14 thoughts on “Saturday: Hili dialogue

  1. is it two years ago now that Cyrus came to stay and Hilly was sitting on top of the bookcase?

    1. Yes, that’s right. It was May 2014 when Cyrus came to us. It took Hili three month to accept him.

  2. In case readers are not aware, the lions in Trafalgar Square London are made of bronze not stone as Isak Dinisen writes.

  3. That quote from Out of Africa always makes me cry too.

    And I’m also glad the kitteh got rescued.

    1. One does not question Professor Ceiling Cat in his own domain.
      (I’ll guess some people found the lists a bit tedious and complained. But that’s just a guess.)

  4. On May 14, 1796, Edward Jenner gave the first smallpox vaccination, starting a program that has ended with the complete eradication of the disease from humans.

    A significant number of people think that the invention of vaccination was the greatest public health event in history. That is unlikely – the provision of clean drinking water supplies and (associated but not tightly linked) the provision of effective sewage handling has probably saved more lives by far than vaccinations. It may not be high tech and sexy, but it is very effective.

    1. I totally agree.

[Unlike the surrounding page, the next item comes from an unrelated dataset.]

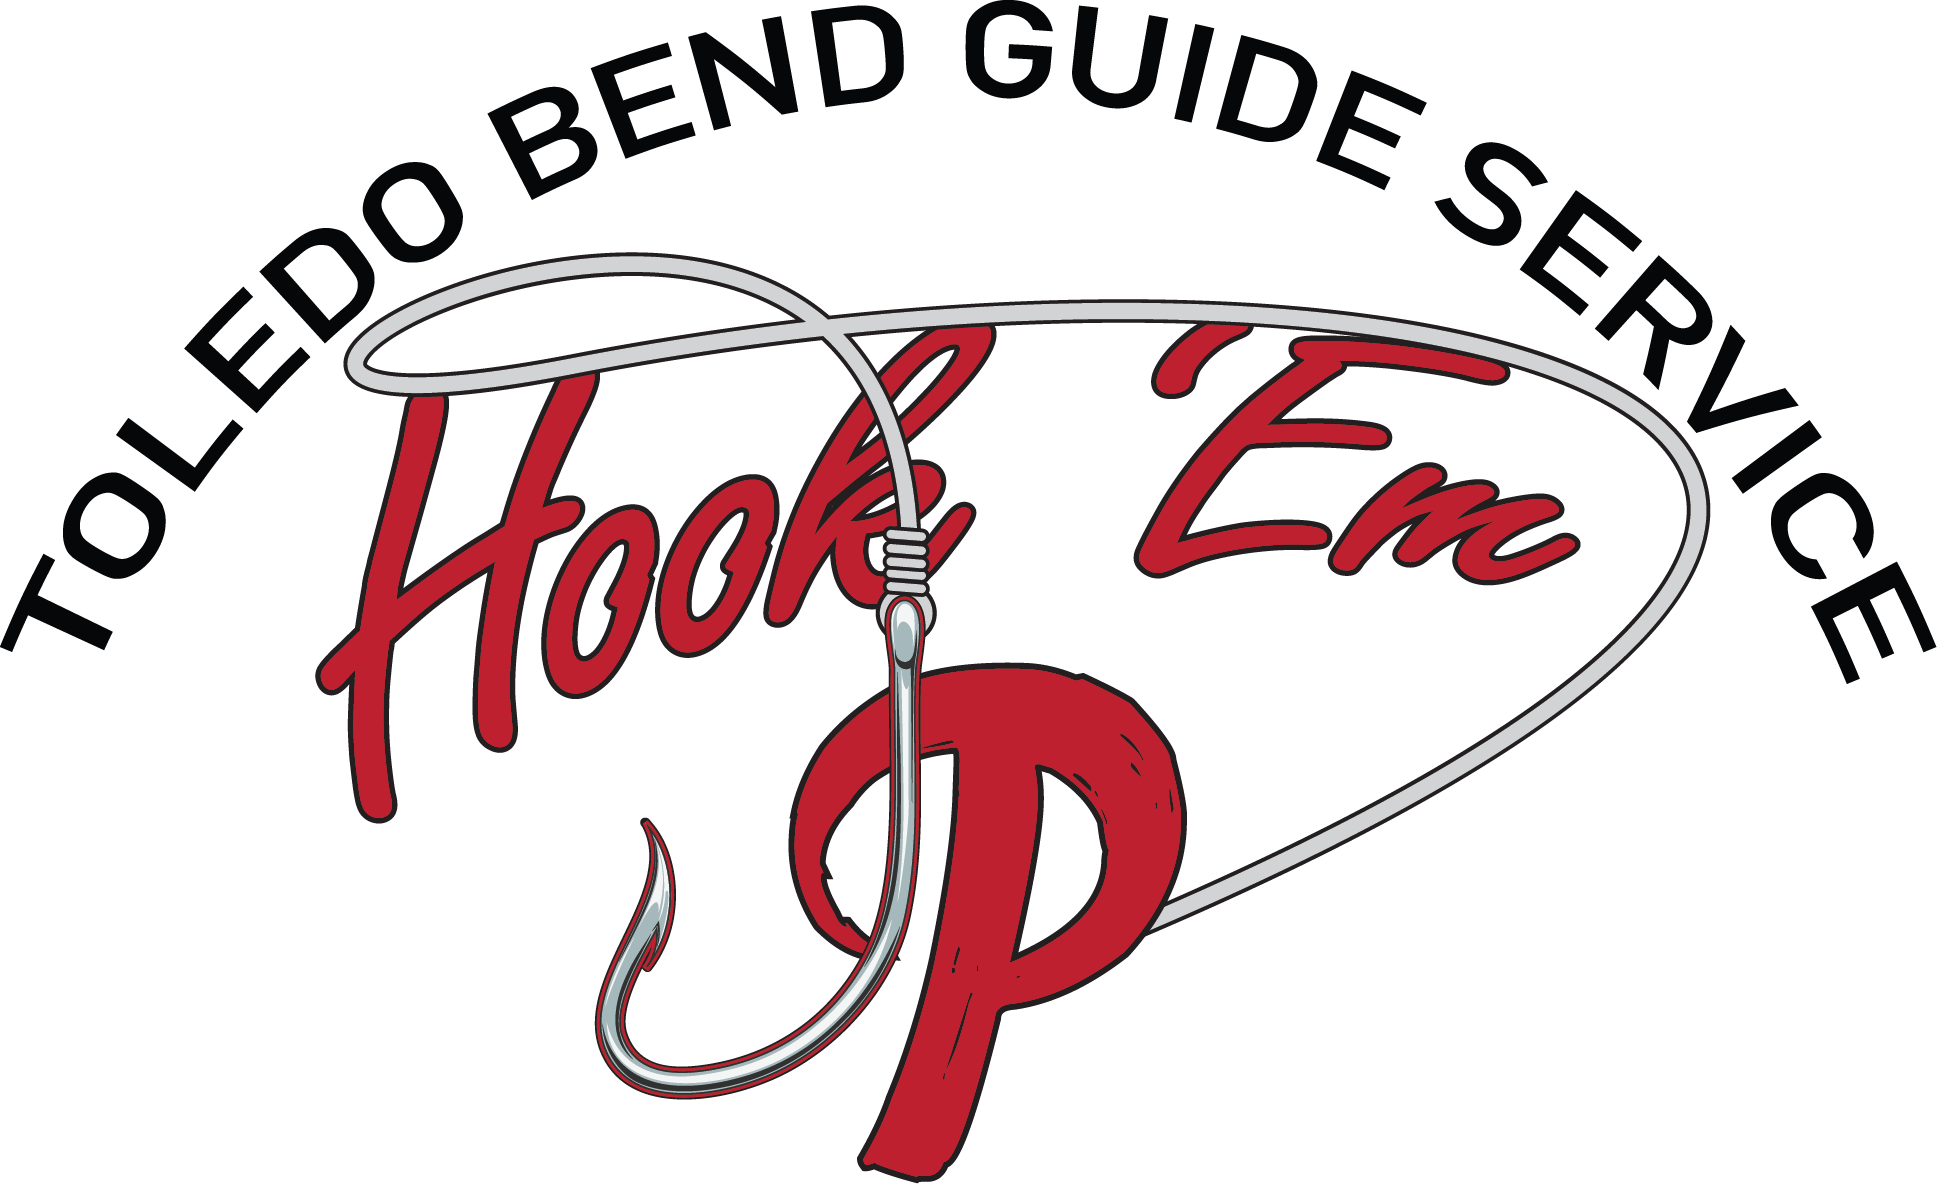 Toledo Bend Guide Service – Hook em Up

I have previously taught health, safety and environment to workers in the water industry (both water and waste water treatment), and always told them that, in my view, they did more for public health than the medical profession, and that they should be paid appropriately. I continue to believe that, but have no agency to effect such a pay increase!

      1. In a way, it’s slightly disturbing that “the water industry” covers both providing safe drinking water and dealing with human waste. Really one would like to see them as two distinct industries.
        It always disturbed me to see the “motorman” go from fixing a broken shit-macerator to working on the “water maker” (reverse osmosis plant). Fortunately he didn’t work in the galley – normally.